# left and right?



## Shadow's mum (Mar 13, 2010)

How do we train Shadow to walk left, right or straight ahead off leash? Can this be trained if we aren't beside her?
I know initially we would have to do this on leash, but I wonder if she will actually learn the words left or right or if she will just go with the flow so to speak.


----------



## ken k (Apr 3, 2006)

Shadow's mum said:


> How do we train Shadow to walk left, right or straight ahead off leash? Can this be trained if we aren't beside her?
> I know initially we would have to do this on leash, but I wonder if she will actually learn the words left or right or if she will just go with the flow so to speak.



I`ll try and explain this, its all about practice, all 3 of mine know there left and right both verbally and hand signal, with the dog on your left at a heal, walking, ok this is done at the same time, your left hand pass`s in front of the dogs face or over the ears, , hand going to the left, and at the same time you pivot on your left leg and turn in front of him with your right and keep walking, and in the middle of all this you say "left". to do right will be the opposite of this, turning left is more difficult at first, not sure if i explained it well enough someone else might pop in with a better explanation, but they do learn left from right


----------



## BlackPuppy (Mar 29, 2007)

Yes, they can learn this. Sled dogs learn Gee and Haw. Silvia Trkman uses Cip and Cap with her agility dogs so they know which way to go after a jump. The words are short and distinct because of the fast pace of agility. I was at a Rally trial yesterday and one woman taught her dogs right and left for the different Rally signs. Now she just needs to teach the dog to read the signs for her!

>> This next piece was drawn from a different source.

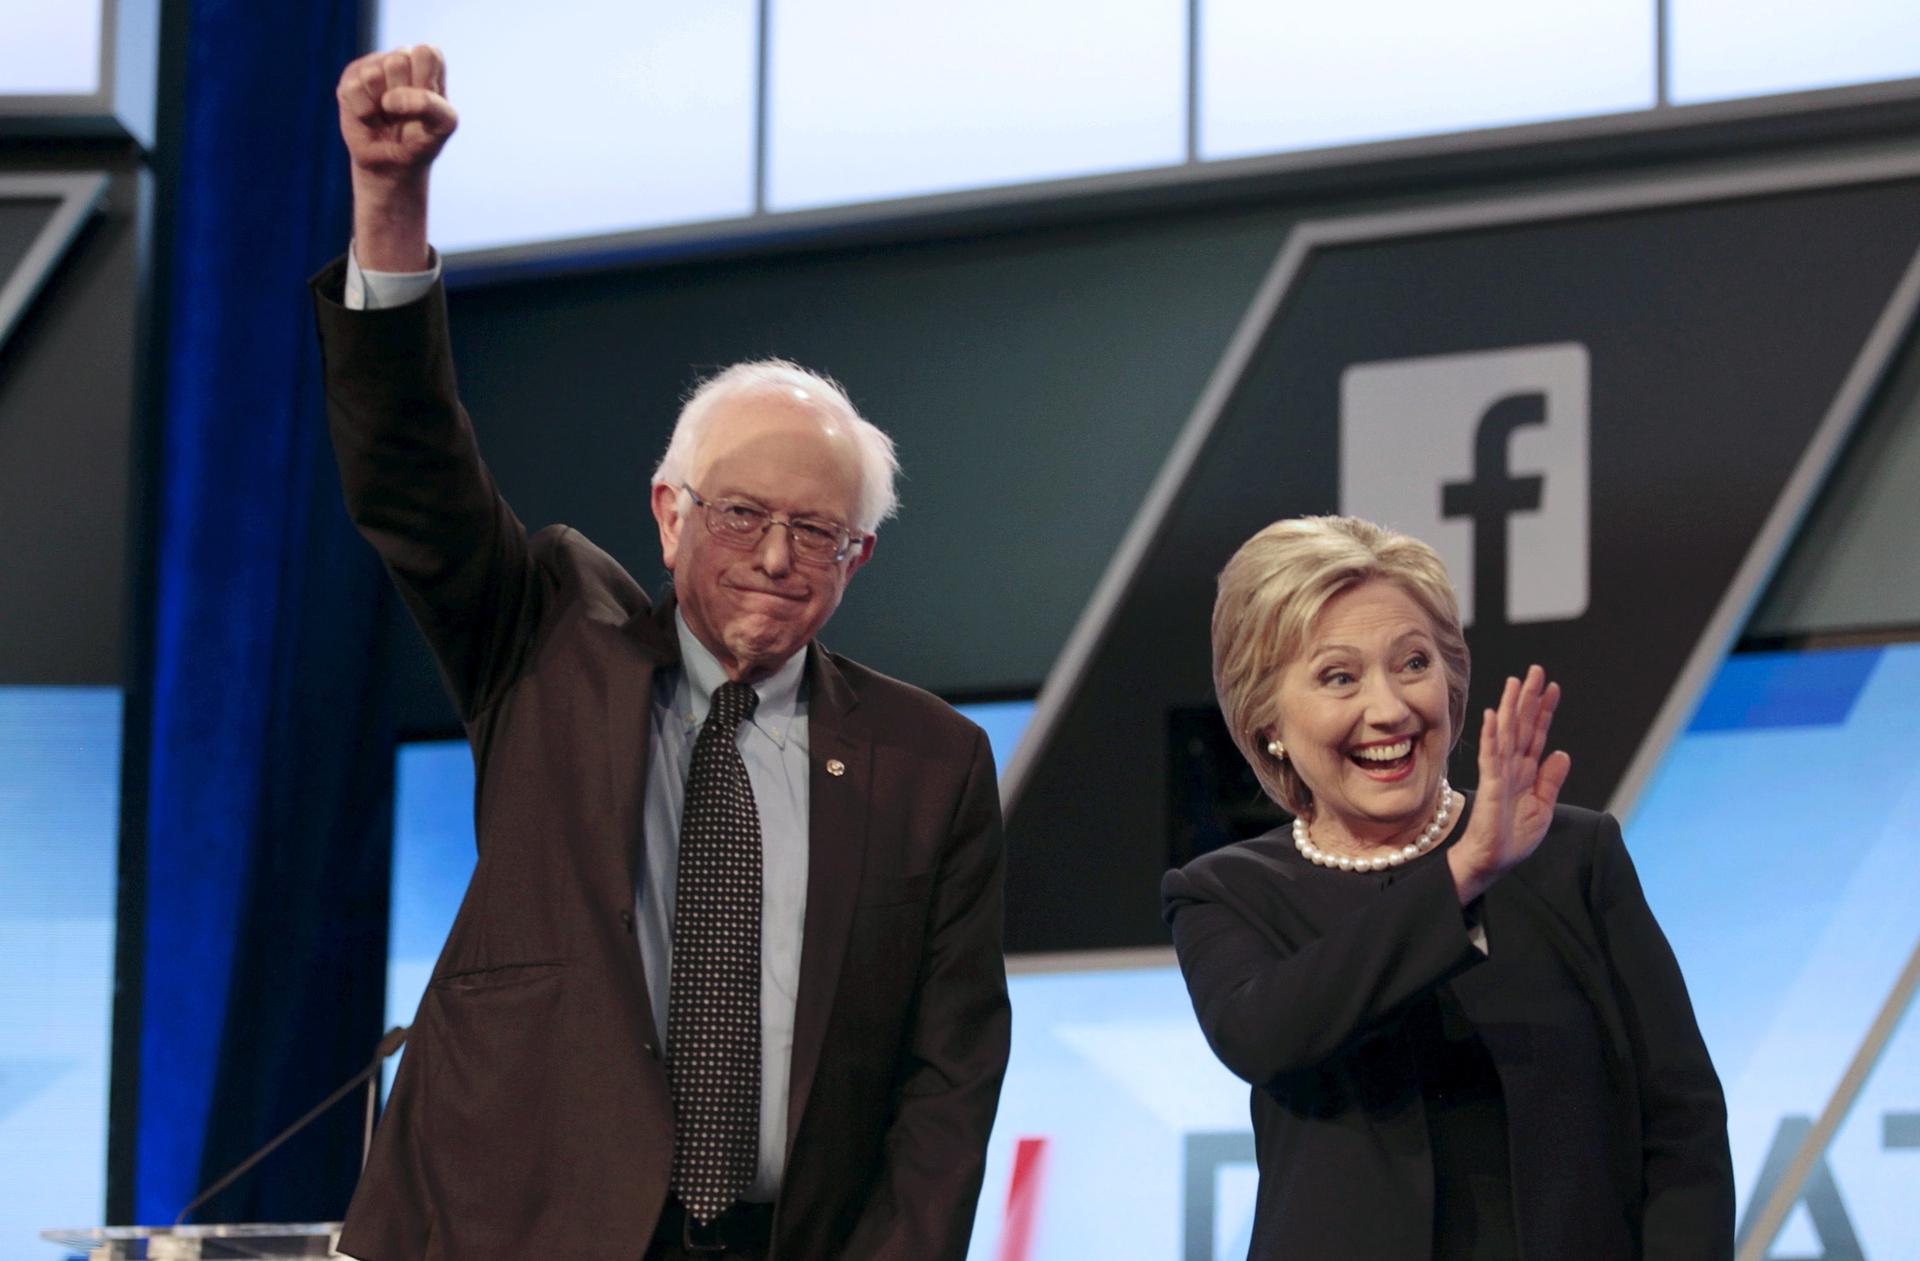 Democratic presidential candidates Senator Bernie Sanders and Hillary Clinton wave before the start of the Univision News and Washington Post Democratic debate in Kendall, Florida on March 9, 2016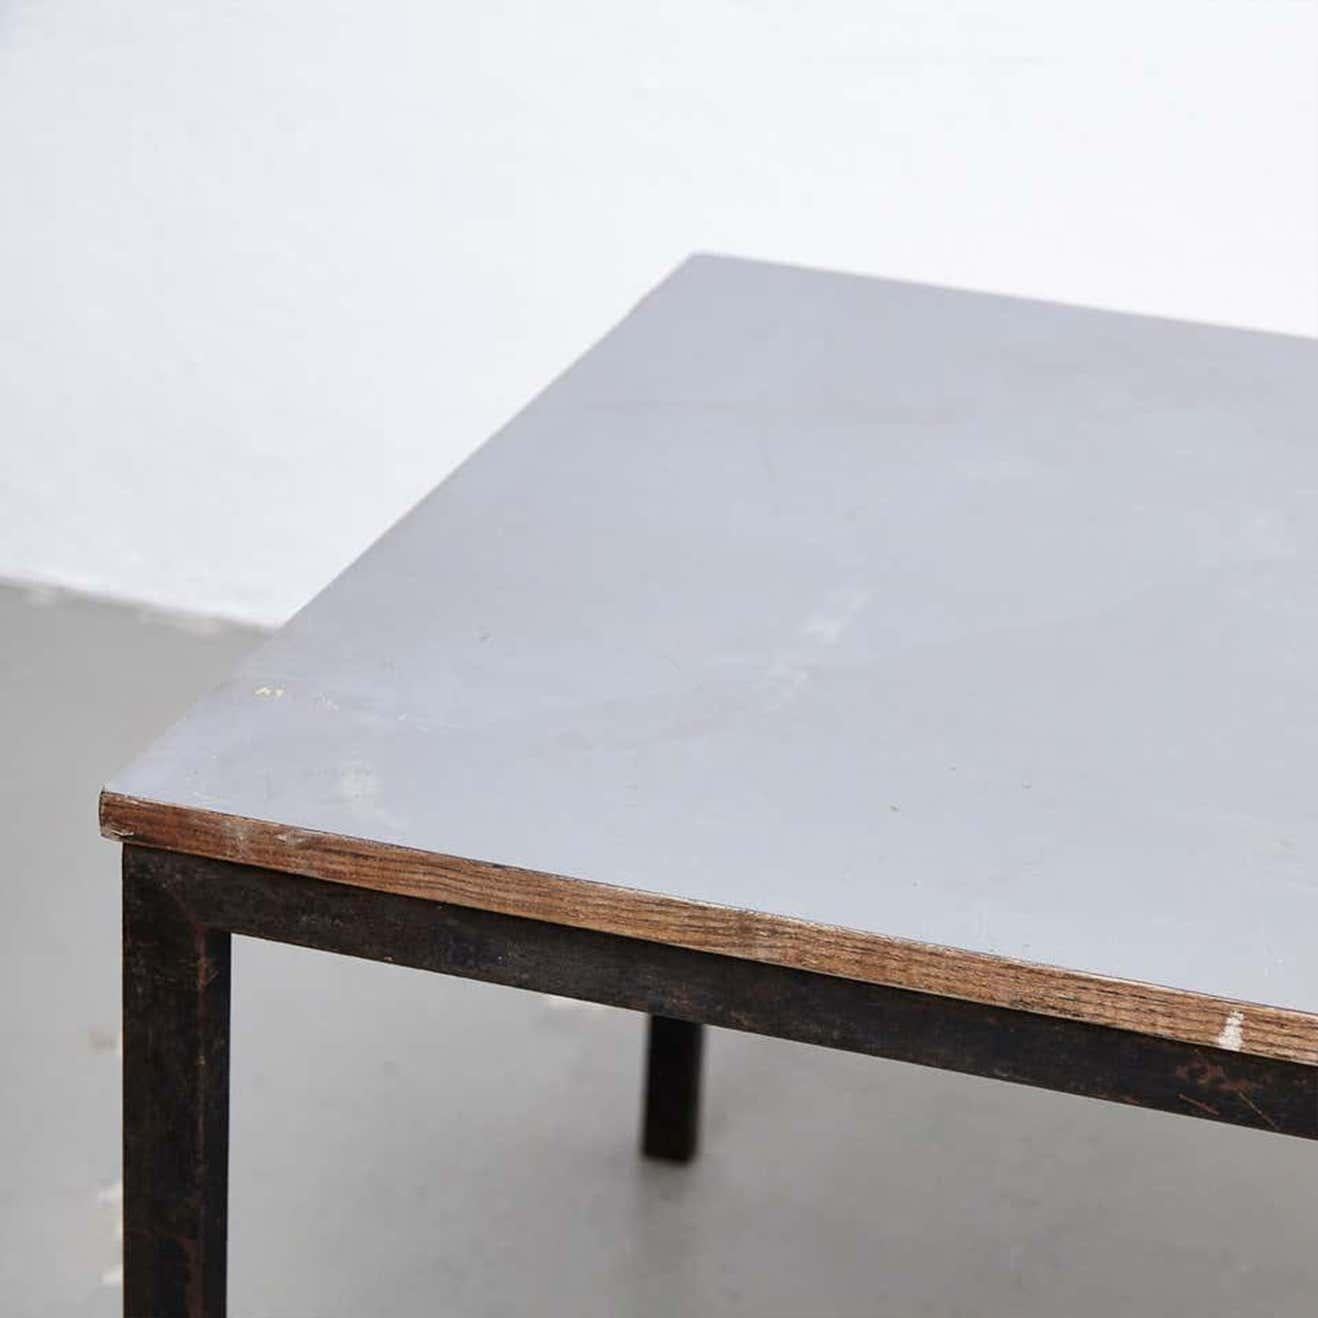 Charlotte Perriand, Mid-Century Modern, Wood Metal Cansado Table, circa 1950 For Sale 7

I'm not so sophisticated, I use "Get In" for left turns, and "This way" for right turns. But my dog knows what I mean.

I just remembered that some people who scooter with their dogs use Left and Right instead of Gee and Haw. A sled dog sight would have detailed training instructions. I've read them in the past, but don't remember all the details.


----------



## doggiedad (Dec 2, 2007)

my dog heels left or right
on leash or off leash.

i taught my dog "other side". it doesn't 
matter what side he's walking on if
i say "other side " he switches sides.

when we're in the woods and someone
approaches riding a horse, a jogger, walker
or what ever if i say "other side"
my dog will move to the other side of the path.

after my dog learned "heel" i taught him
"other side".

i didn't really teach him "other side"
on the trail. when i say it to him
he moves to the other side of the trail.


----------



## Stosh (Jun 26, 2010)

I taught left and right turns while heeling in obedience class. Some people just said 'turn' or 'this way', 'other way' but I just went with the left and right. So to answer your question- they can learn the direction names. This summer has been so hot that I've been teaching tricks while we're inside in the a/c and I taught 'spin' which just happened to be to the right, so I had to say 'rinse' to the left. Now we're rinsing and spinning all over the place!


----------



## Shadow's mum (Mar 13, 2010)

lol Stosh thats too funny  I may just try that one.


----------